Twilight gave a little smile. "Okay, Sand is it? It's very nice that you wanted to do a favor for Cherry's mom, but she's alright. Would you like to see the room we've arranged for her? She's an honored guest, a diplomat from the sea people."
Sand waved off the statement. "You said something like that before, but she's a filly for the waves' sake. She doesn't have any say, so how is she going to be diplomat of anything but herself?"
Cherry took a little step forward. "I can share stories of home, and they can show me more wondrous things of The Dry. They've been really nice to me, even when things got scary, they were there."
Starlight nodded. "We wouldn't let Cherry be hurt."
Spike gestured broadly to everyone. "Friends protect friends, and we're all friends."
Sand blinked at that. "Even me?"
Applejack hiked a brow. "If ya promise to never mind-control the town again, we can talk."
Twilight was a bit more forgiving from the outset, placing a hoof on Applejack's shoulder. "Easy. Sand was concerned about her friend's daughter. That's very noble, even if she went about it... interestingly..."
Starlight flashed a nervous smile. "It's alright... I've been there."
"There?" Sand met her gaze.
"The whole, you know, brainwashing ponies thing to get what you want?"
Sand leaned in towards the nervous Starlight. "You're a siren? You hide it well, land pony."
Applejack snorted softly. "She did it, without even a fish tail. A whole town of ponies."
Sand whistled softly. "For how long?"
Starlight shrunk a little bit. "Years?"
Sand barked out with a sudden fit of laughter. "Oh wow! You're good! I couldn't even keep them in line for much longer than a day. Years?" She spread her hooves. "I can't even imagine that."
Starlight put a hoof behind her head. "Well, I'm not doing it again. I'm... better now."
Twilight moved up beside Starlight and threw a leg over her, squeezing. "And now she has real friends, which is a lot better than brainwashed minions any day."
Sand nodded a little. "I'll bear that in mind, but... forgive me, being a siren is kind of what I was born to be. Influencing others is what I do when I'm around ponies."
Fluttershy pointed at Cherry. "You decided on your own to put your talents to work helping a friend. You can decide to do other things, to help ponies."
Applejack nodded in agreement with that. "Th' way ah see it, ya may have caused a lot of mischief, but ya did it fer the right reasons at least. Ah kin respect that, goin' the distance fer a friend."

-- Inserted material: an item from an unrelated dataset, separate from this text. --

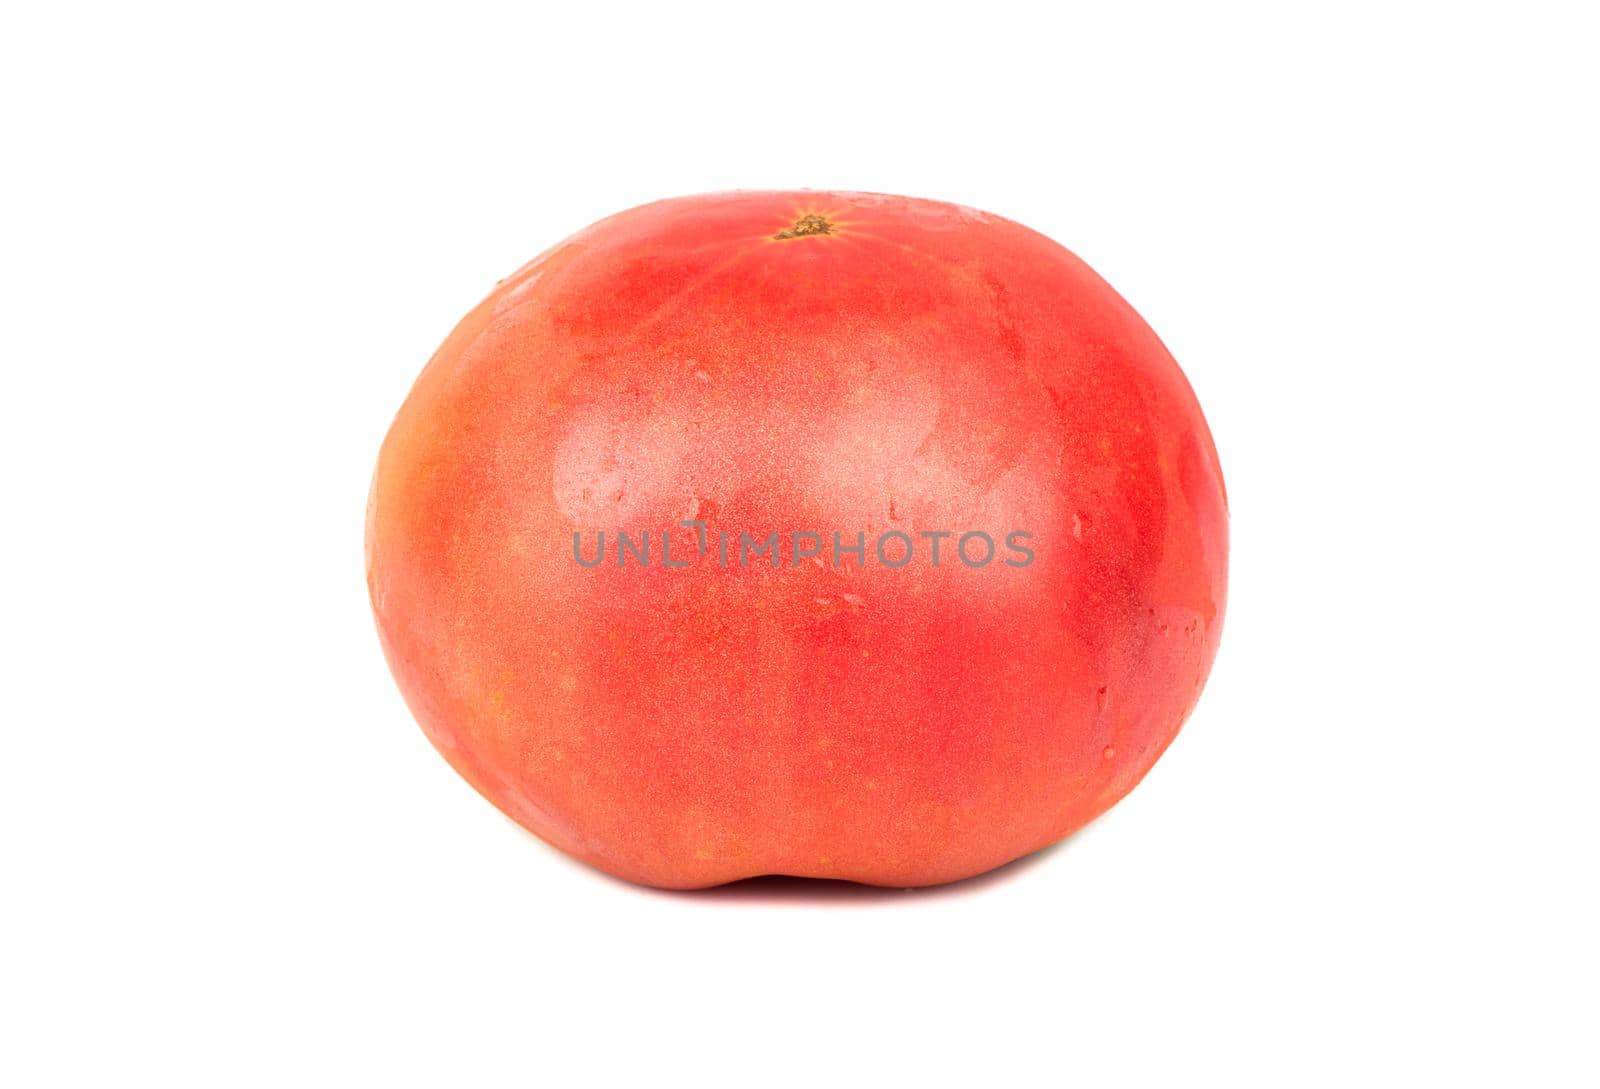 Big red tomato isolated on white background

Sand smiled at the compliments. "Alright, enough squishy stuff, let's see this 'room' you've made up for Cerulean, and it better be good."
The entire party set out from the castle then, hiking along the trail from the castle to the town proper. Spirits were high, and fear was low. The trail between the castle and the town was fairly safe and cleared. While an attack was possible, it was far less likely, and they had numbers on their side.
Starlight put a hoof to her rumbling belly. "I am so looking forward to getting a nibble to eat once we get back to town."
Cherry glanced back at the castle, already lost to the forest. "Shoulda ate that big thing. I bet it woulda been tasty."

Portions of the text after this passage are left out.